Long ago Engels said that the proletariat does not need the State to protect liberty, but needs it for the purpose of crushing its opponents; and that when it will be possible to speak of liberty, there will be no government. The Bolsheviki adopted this maxim not only as their socio-political axiom during the “transition period,” but gave it universal application.
Terrorism has always been the ultima ratio of government alarmed for its existence. Terrorism is tempting with its tremendous possibilities. It offers a mechanical solution, as it were, in hopeless situations. Psychologically it is explained as a matter of self-defense, as the necessity of throwing off responsibility the better to strike the enemy.
But the principles of terrorism unavoidably rebound to the fatal injury of liberty and revolution. Absolute power corrupts and defeats its partisans no less than its opponents. A people that knows not liberty becomes accustomed to dictatorship. Fighting despotism and counterrevolution, terrorism itself becomes their efficient school.

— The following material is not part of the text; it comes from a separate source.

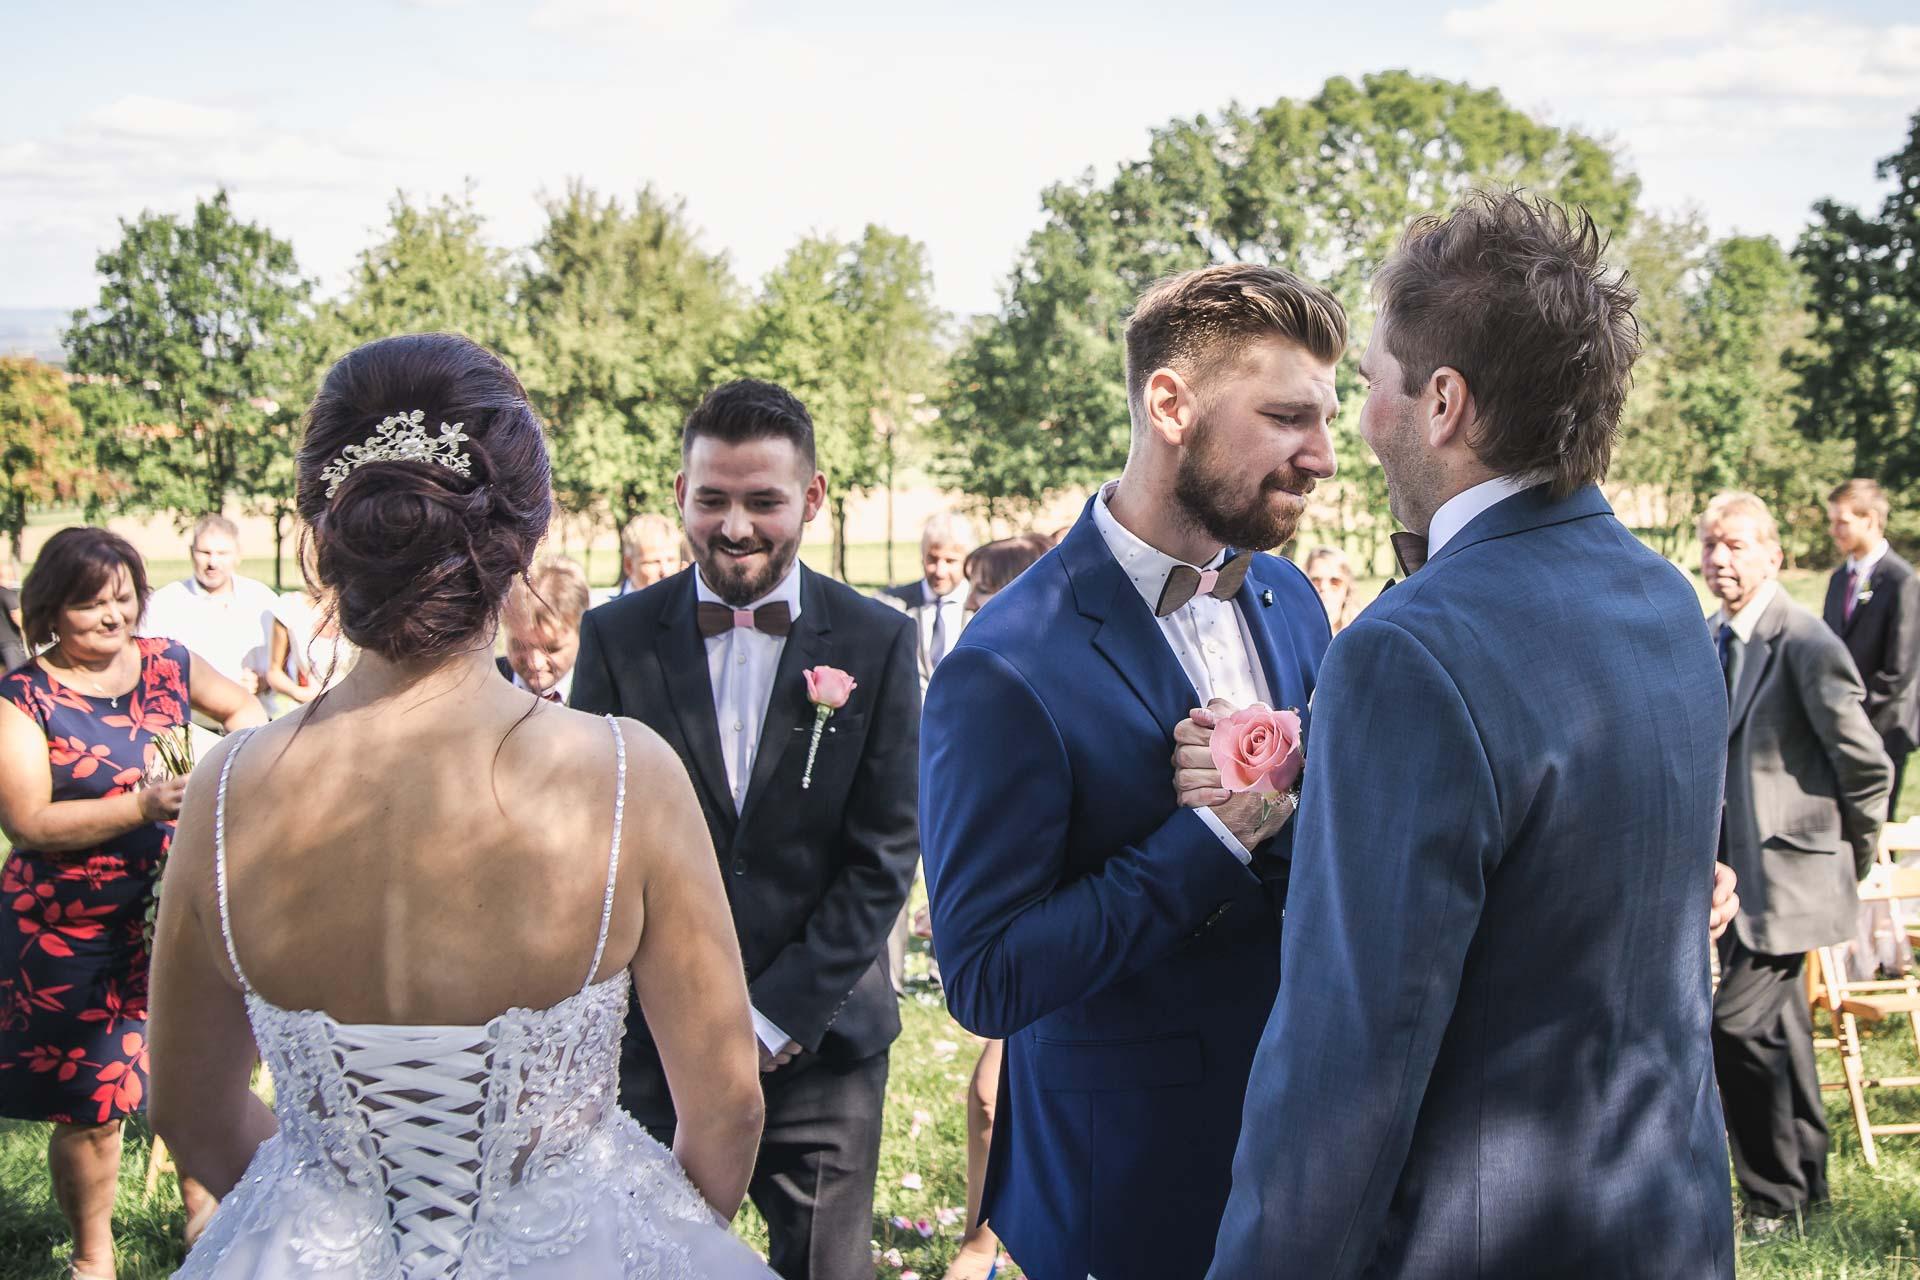 svatební-fotografie-Říp-svatební-video-ŘÍP-svatební-fotograf-ŘÍP-svatba-Mělník-svatba-Neratovice-fotograf-na-savtbu-kameraman-na-svatbu-125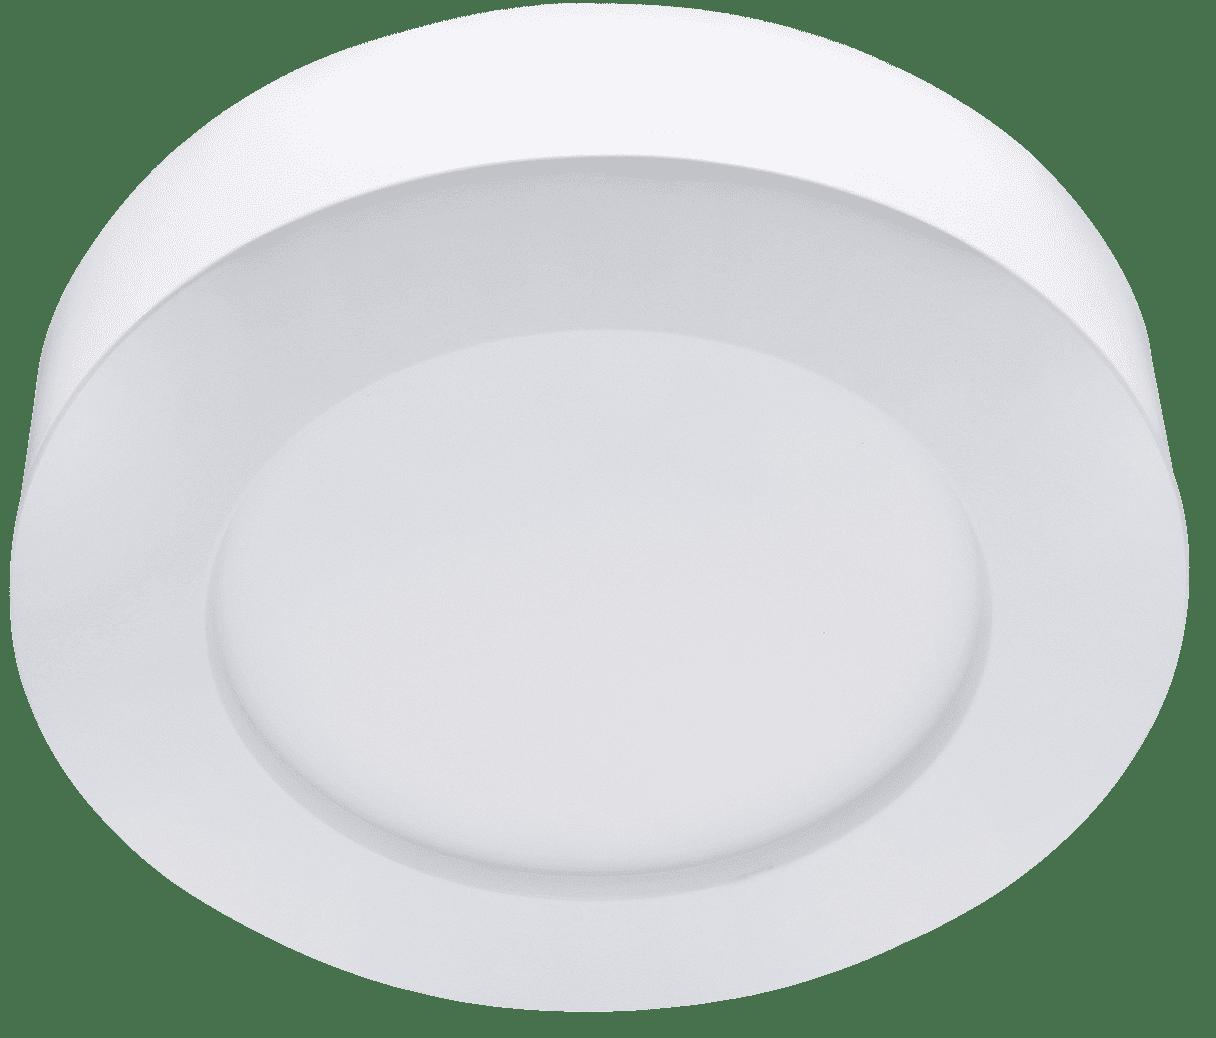 M-Light LED Ein-/ Unterbaupanel rund 11W 3000K 720lm IP44 230V dimmbar weiß 81-3111

Once on the road of terrorism, the State necessarily becomes estranged from the people. It must reduce to the minimum the circle of persons vested with extraordinary powers, in the name of the safety of the State. And then is born what may be called the panic of authority. The dictator, the despot is always cowardly. He suspects treason everywhere. And the more terrified he becomes, the wilder rages his frightened imagination, incapable of distinguishing real danger from fancied. He sows broadcast discontent, antagonism, hatred. Having chosen this course, the State is doomed to follow it to the very end.
The Russian people remained silent, and in their name in the guise of mortal combat with counterrevolution—the Government initiated the most merciless war against all opponents of the Communist Party. Every vestige of liberty was torn out by the roots. Freedom of thought, of the press, of public assembly, self-determination of the worker and of his unions, the freedom of labor—all were declared old rubbish, doctrinaire nonsense, “bourgeois prejudices,” or intrigues of reviving counterrevolution.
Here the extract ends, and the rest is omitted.